- [WHAT IS NEEDED]: Pictures in the entries below are excluded; copy only the lines from the one containing "Mantenha o controle" to the one containing "Energielabel Geyssendorfferweg 37 Rotterdam", both included.

- [RECORDS FOR THE EXERCISE]:
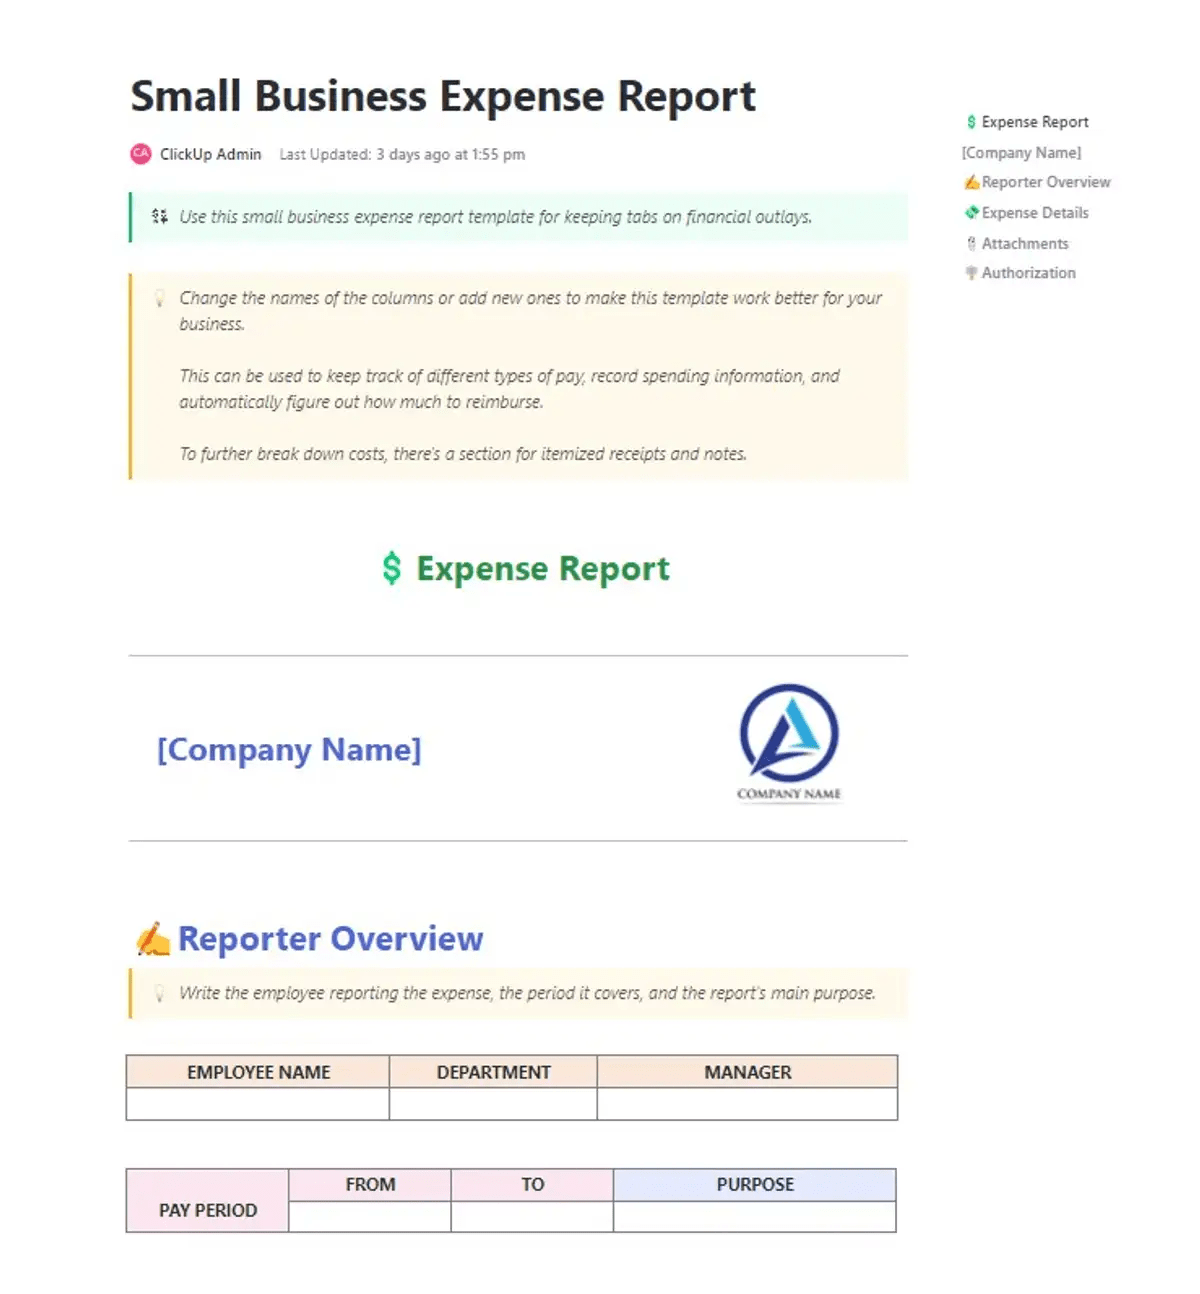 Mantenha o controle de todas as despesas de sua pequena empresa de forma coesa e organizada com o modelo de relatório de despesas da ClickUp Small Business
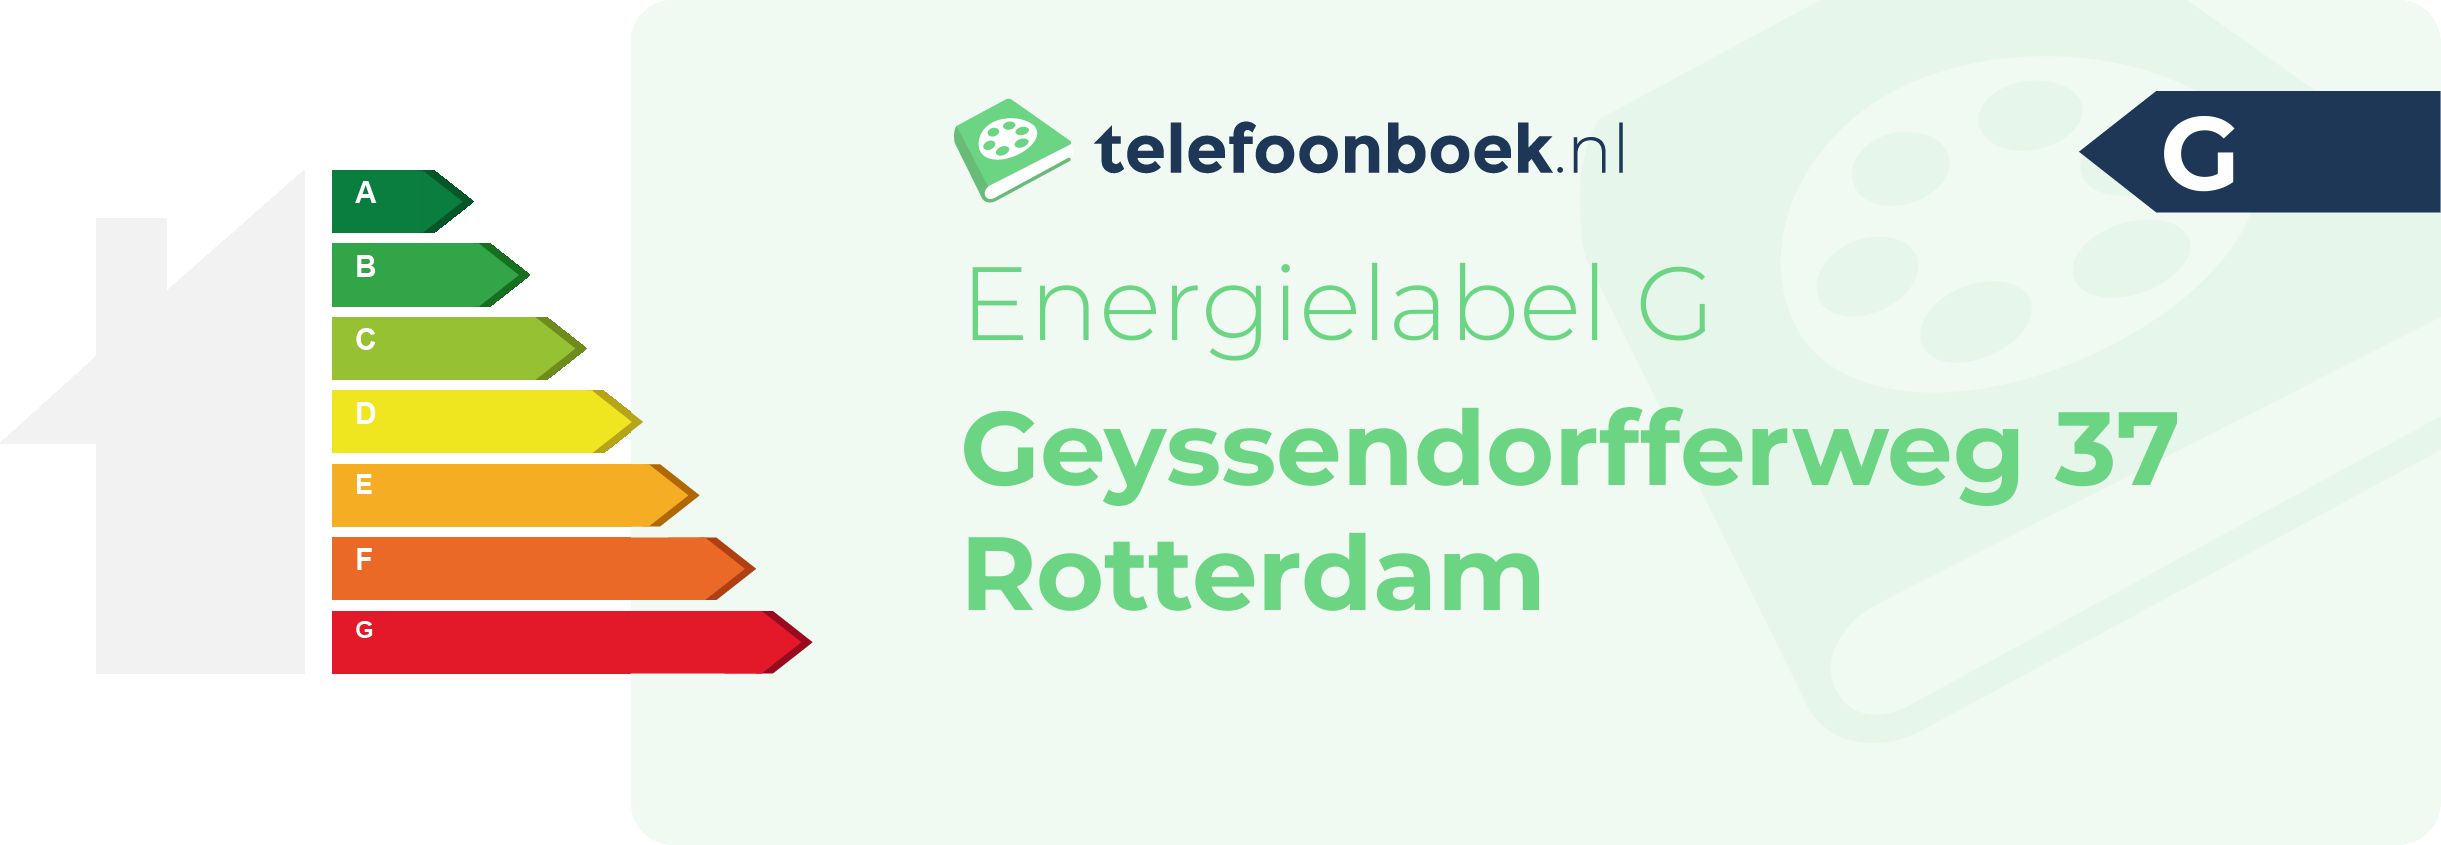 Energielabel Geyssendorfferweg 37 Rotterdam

---

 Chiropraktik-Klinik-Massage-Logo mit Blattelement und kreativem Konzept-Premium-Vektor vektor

- [RESPONSE BOX]:
 Mantenha o controle de todas as despesas de sua pequena empresa de forma coesa e organizada com o modelo de relatório de despesas da ClickUp Small Business
 Energielabel Geyssendorfferweg 37 Rotterdam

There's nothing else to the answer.